The listing below should be reproduced precisely, except for its images.

**Data segment**
..........
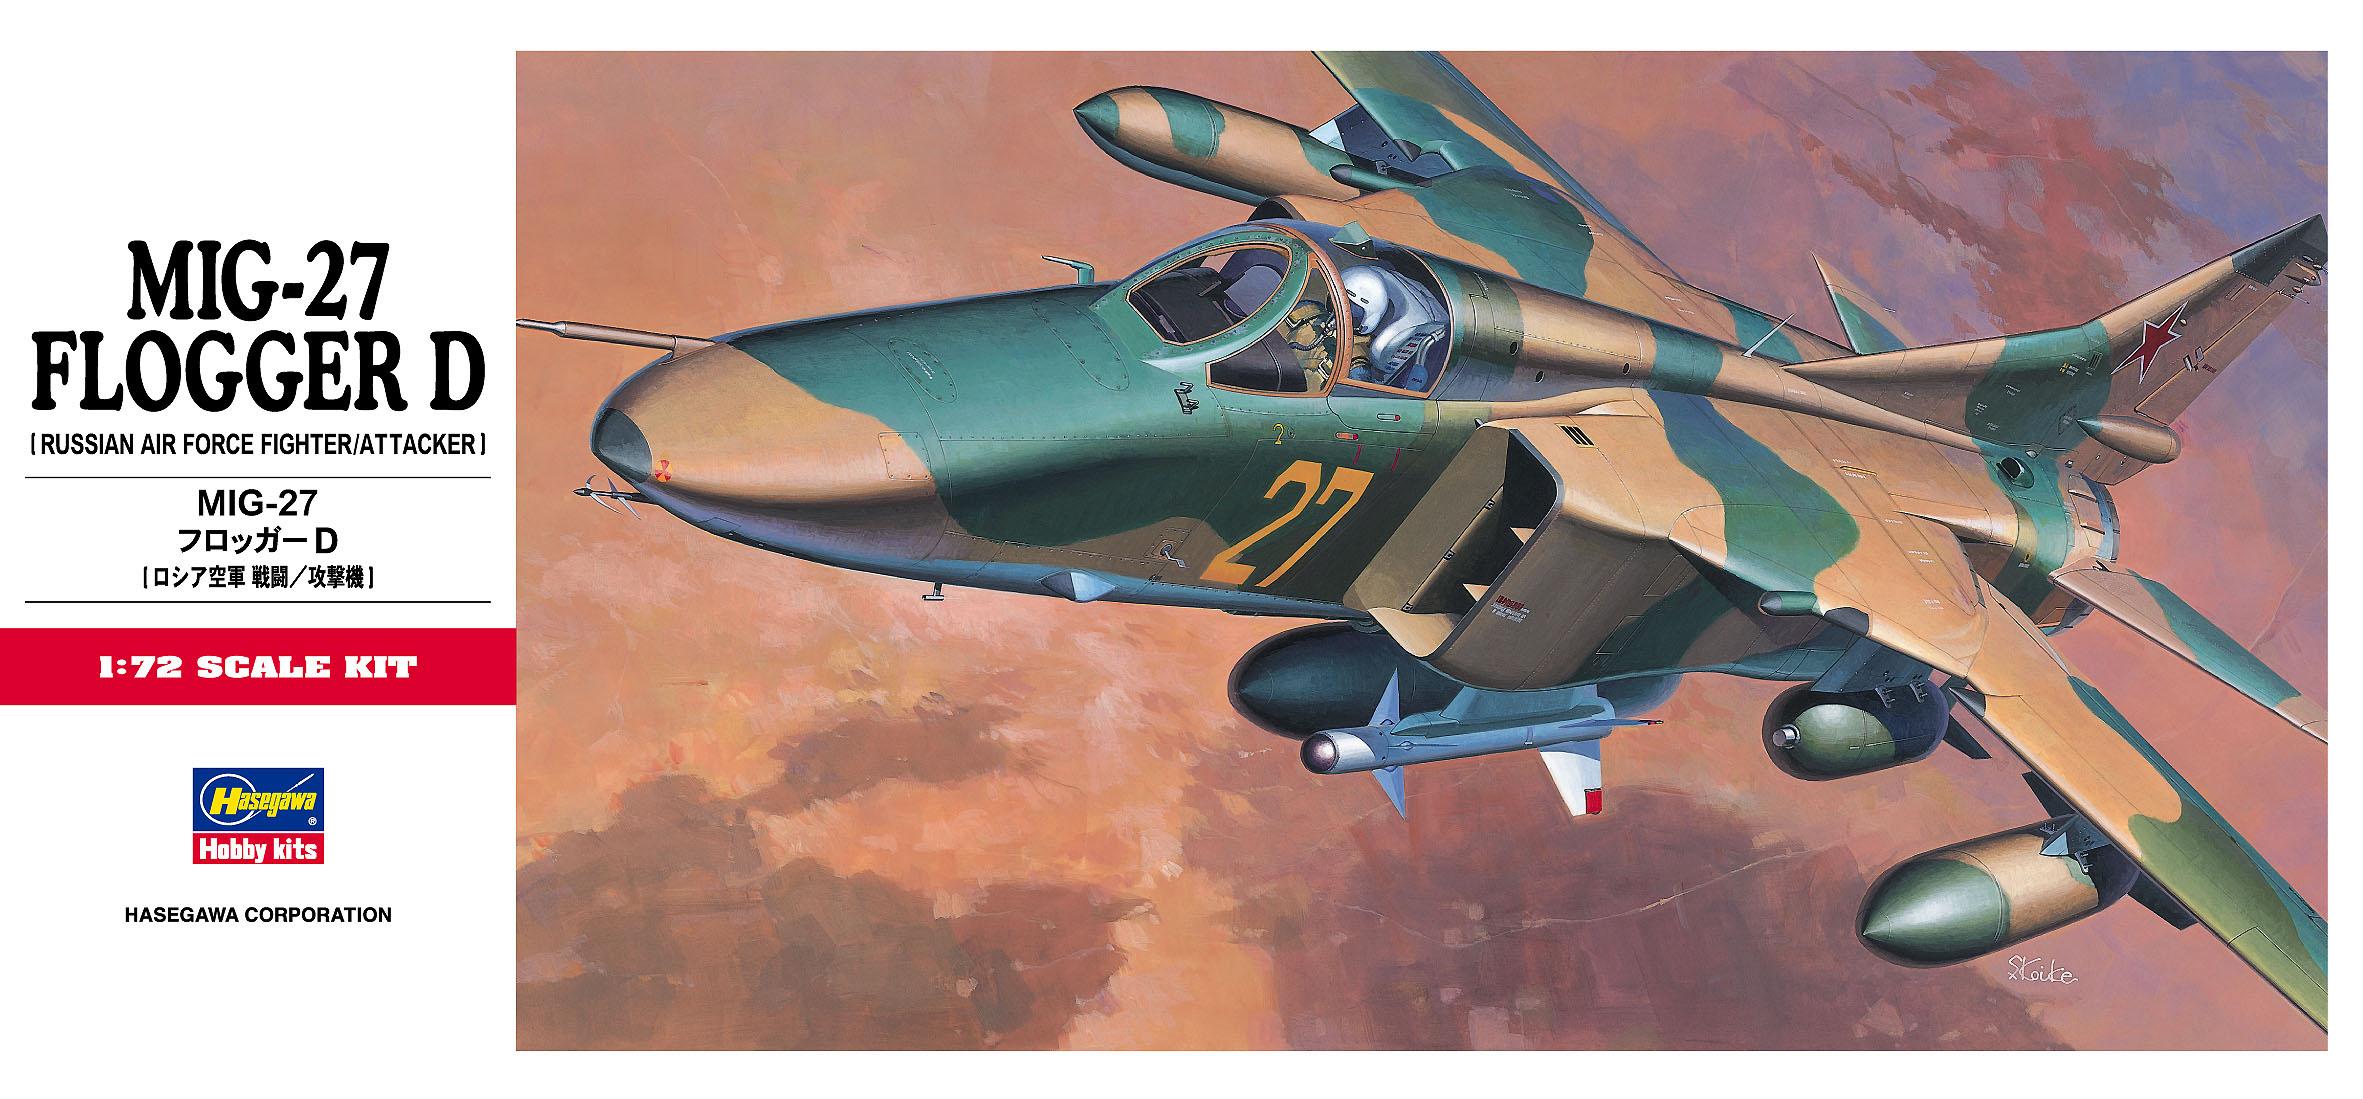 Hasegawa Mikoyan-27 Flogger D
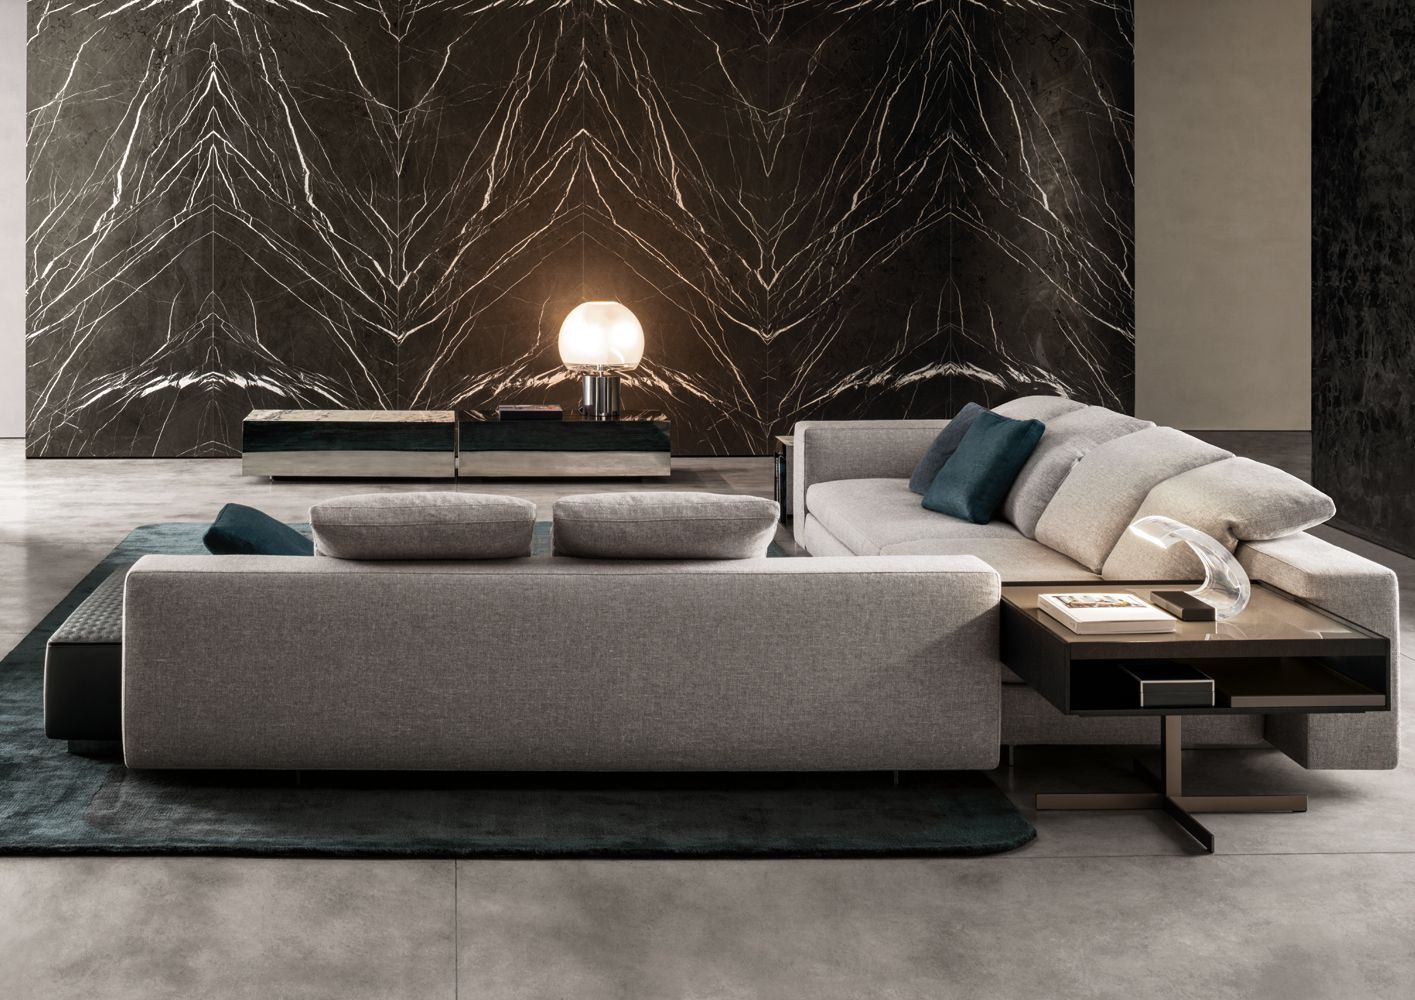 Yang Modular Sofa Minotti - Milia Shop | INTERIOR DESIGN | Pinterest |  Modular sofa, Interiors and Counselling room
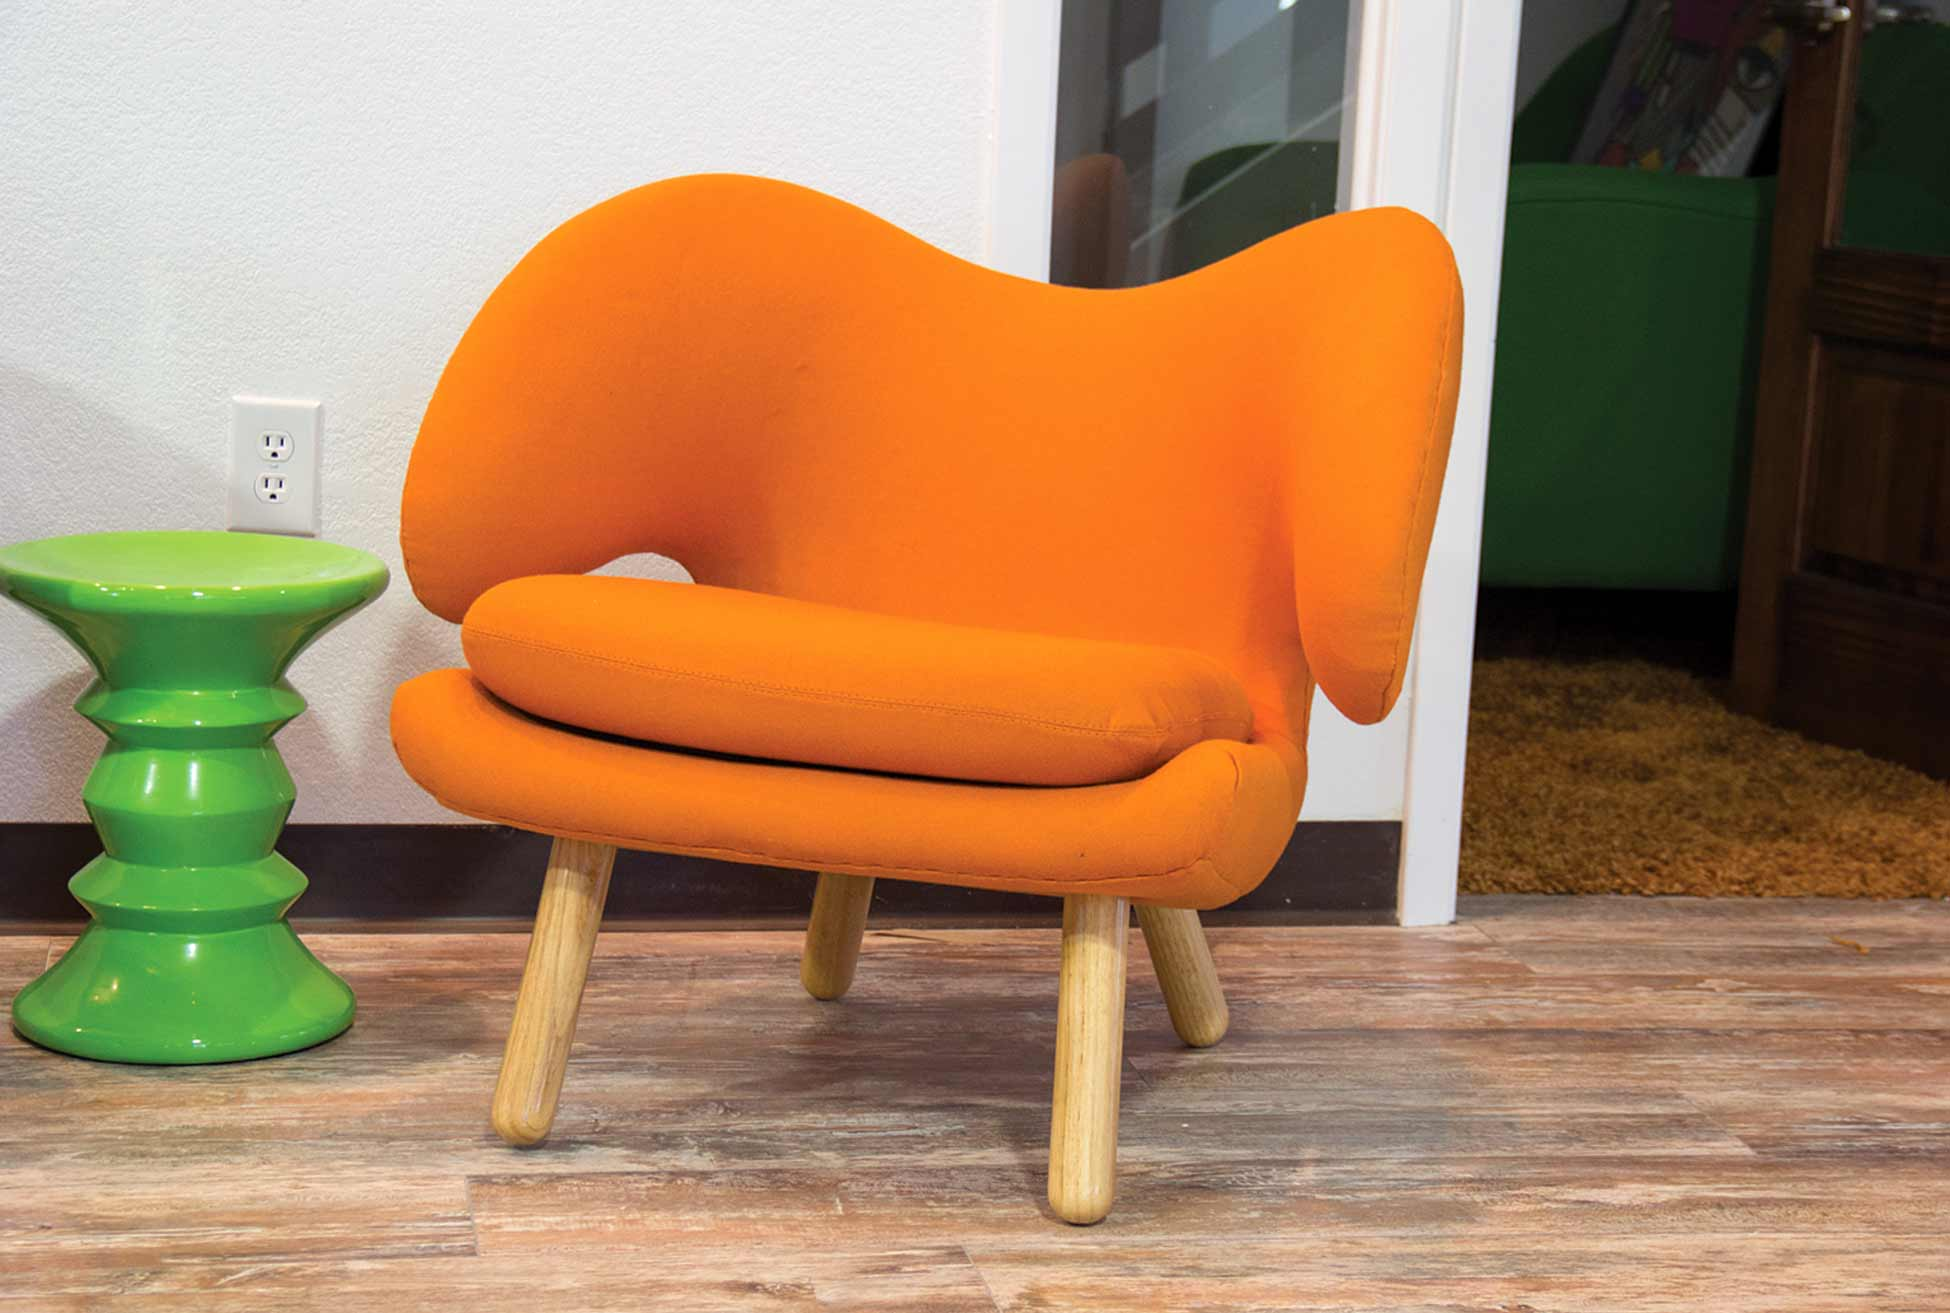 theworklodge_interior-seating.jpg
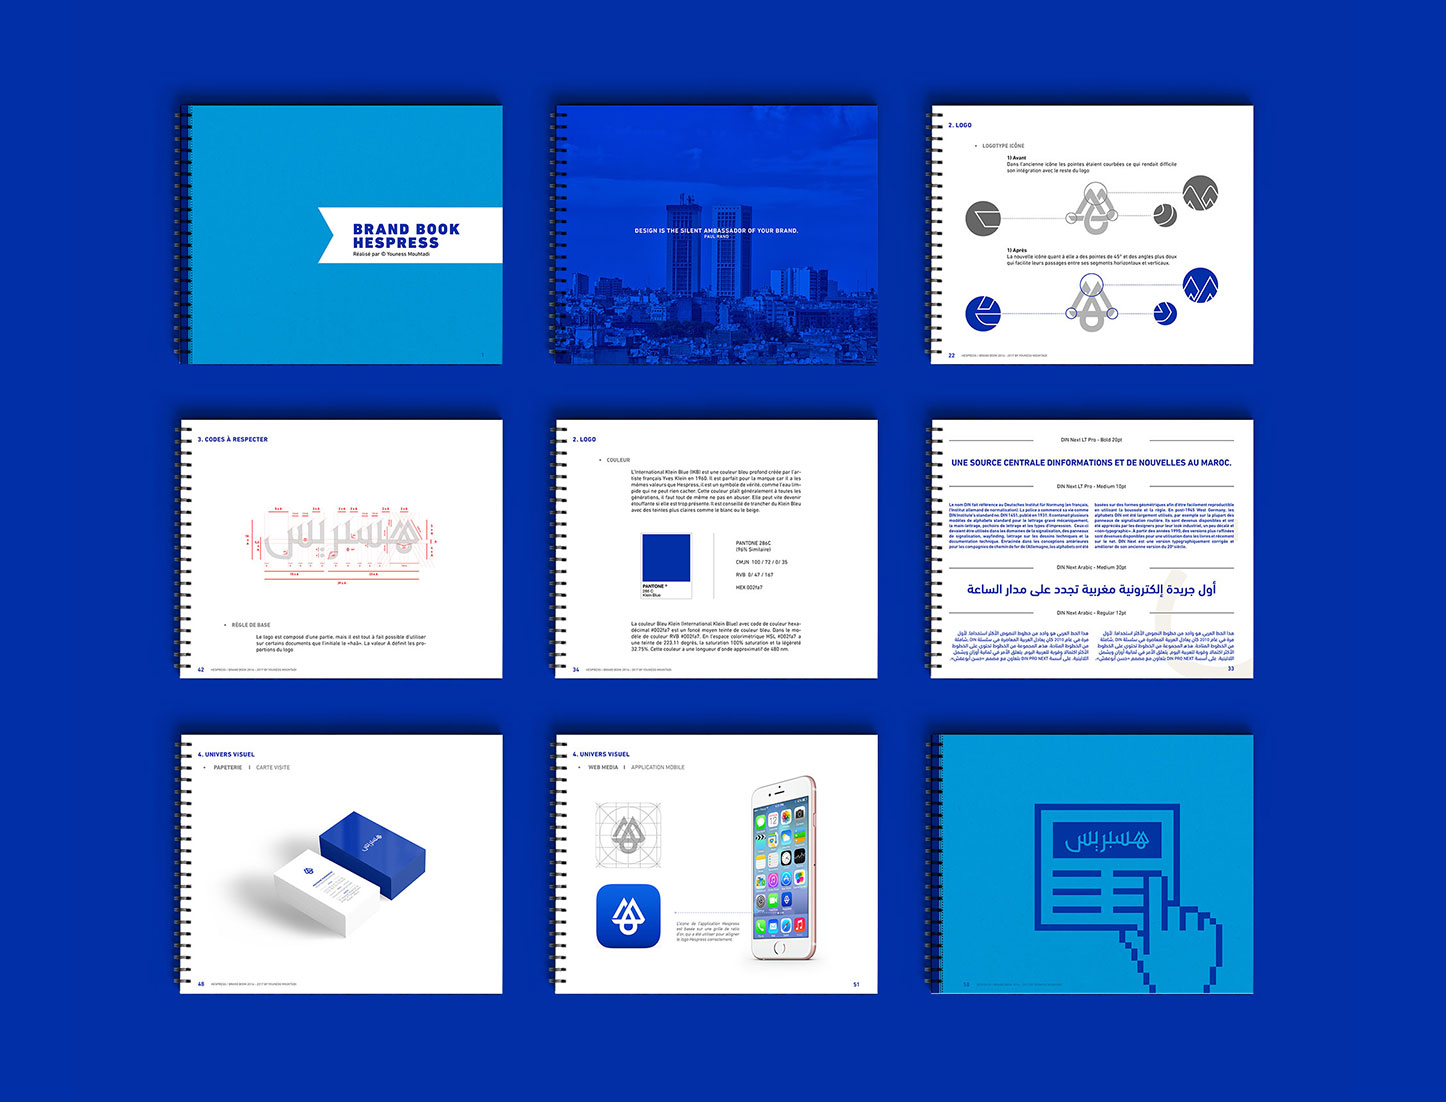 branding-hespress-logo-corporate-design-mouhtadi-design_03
..........
**Task output**
 Hasegawa Mikoyan-27 Flogger D
 Yang Modular Sofa Minotti - Milia Shop | INTERIOR DESIGN | Pinterest |  Modular sofa, Interiors and Counselling room
 theworklodge_interior-seating.jpg
 branding-hespress-logo-corporate-design-mouhtadi-design_03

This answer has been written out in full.